With the vegetation tinder dry after a spell of hot and dry weather, concerns are mounting that more blazes could break out.
As reported, up to 50 firefighters battled flames that leapt up to 60ft on heathland at Peartree Green in Woolston on Friday night.
People living in Sea Road, Bryanston Road and Osterlily Road had to be evacuated by police as the fire crept closer to their homes.
The fire destroyed an area of heath land measuring 200 metres by 400 metres on a site known for its nature conservation.
Just 40 minutes later and less than a mile away, another fire broke out, this time in the Miller’s Pond Nature Reserve in Sholing –famed for inspiring TV naturalist Chris Packham as a child.
Thanks to a quick thinking resident it was quickly extinguished - but the conservation group which has battled for decades for its current urban nature reserve status said it was seconds away from the unique habitat going up in smoke.
Sholing Valleys chairman Colin Oliphant said: “I am not a detective but two fires at the same time is a bit coincidental.
“Everything was so dry, it was like a wild fire rampaging away. It could have been horrendous and we could have lost the whole area.
“If it had got into the gorse the trees would not have stood a chance.”
Sgt Michelle Smith, from Bitterne Police, said: “We are appealing for witnesses to a large fire on Peartree Green which may have been started deliberately.

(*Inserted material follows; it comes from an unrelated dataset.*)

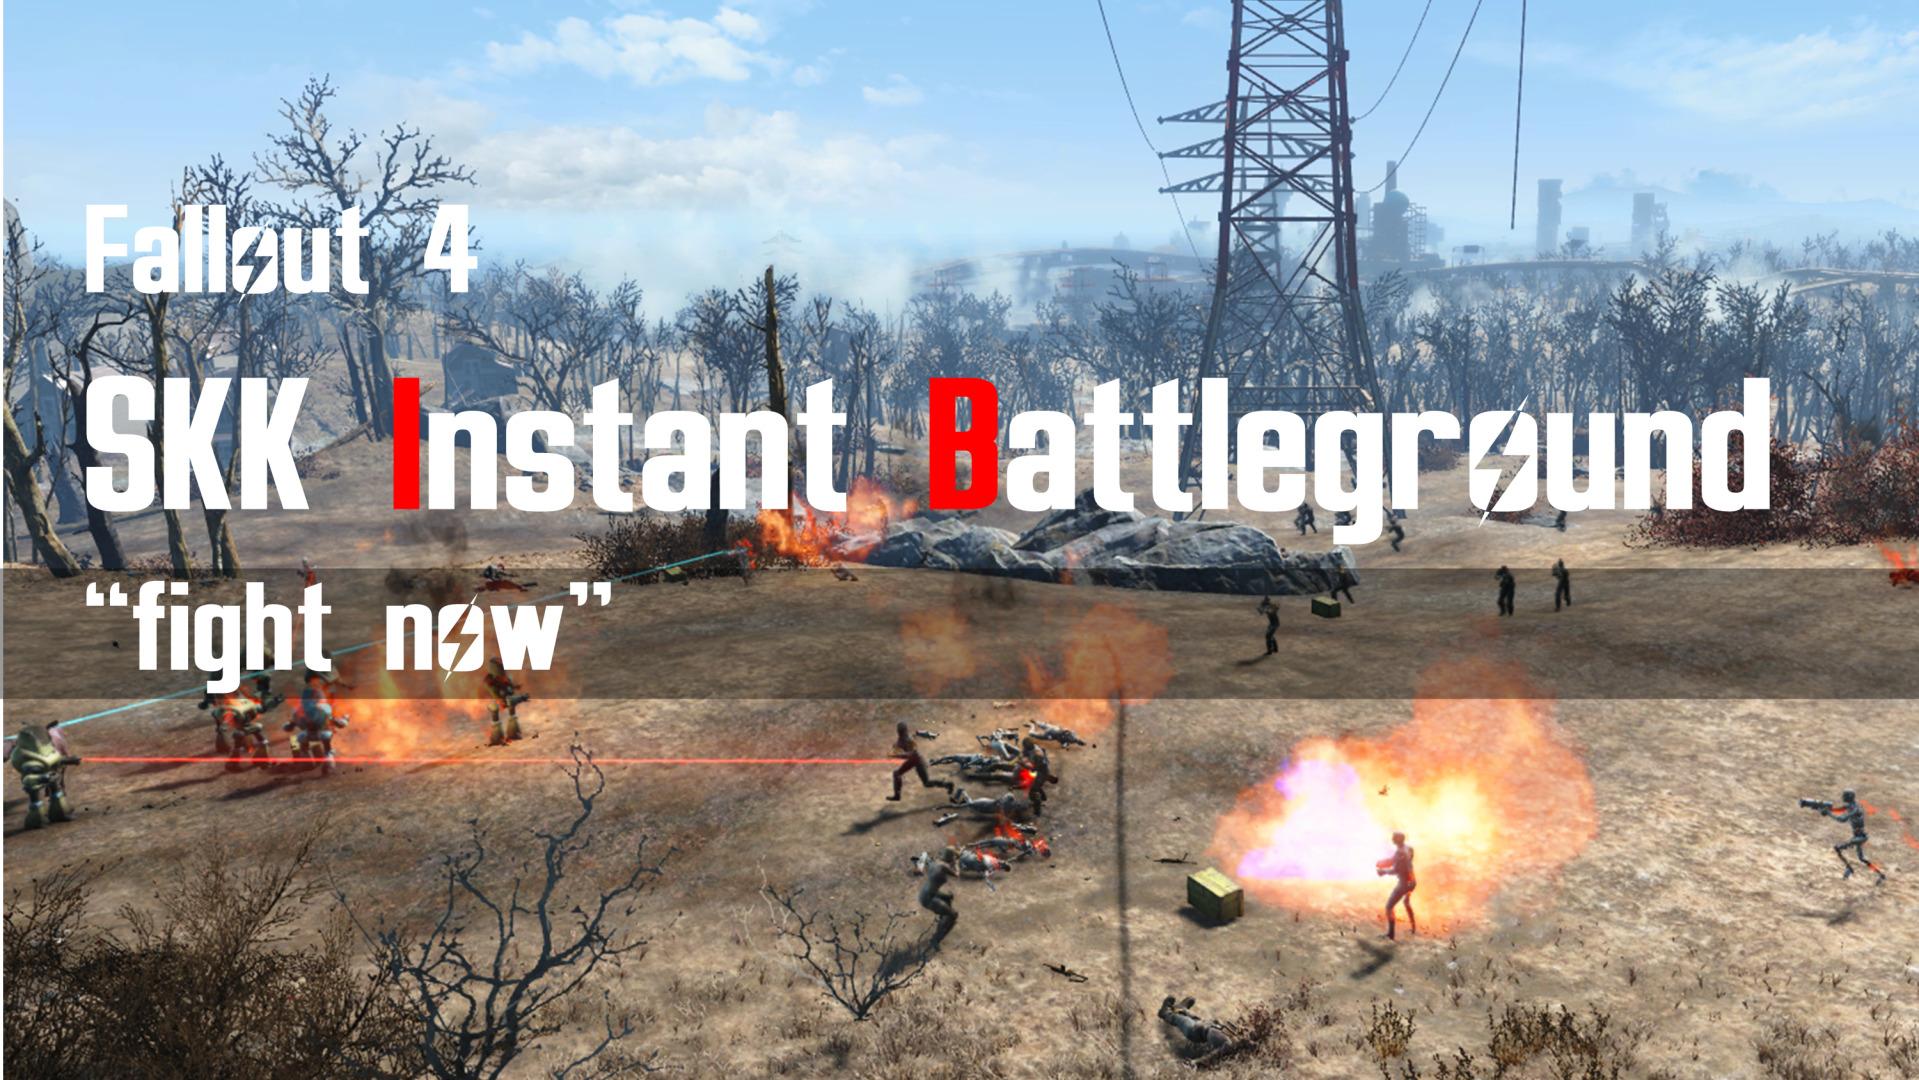 SKK Instant Battleground banner

“We want to hear from anyone who may have information that would assist us with our inquiries – anyone seen acting suspiciously in and around the area or anything else of note.”

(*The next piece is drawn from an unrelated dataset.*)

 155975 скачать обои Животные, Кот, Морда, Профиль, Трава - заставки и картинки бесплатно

City council ecologist Andy Welch, who was today carrying out a damage assessment at Peartree Green, said the damage to the protected site could be the worst the city had seen in over a decade.
He said: “In this isolated space the damage is far more important because it’s not easy for things to come back in.”
Species inhabiting the heathland include grass and adder snakes, nightingales and white throat birds as well as rare bee, Pyramidal orchids and insects such as the brown argus butterfly.
Mr Welch said: “There is nowhere else in the city where you would see such variety in one place.”
Hampshire Fire and Rescue Service said it could not determine how either fire started but warned that the current conditions meant that further blazes could not be ruled out.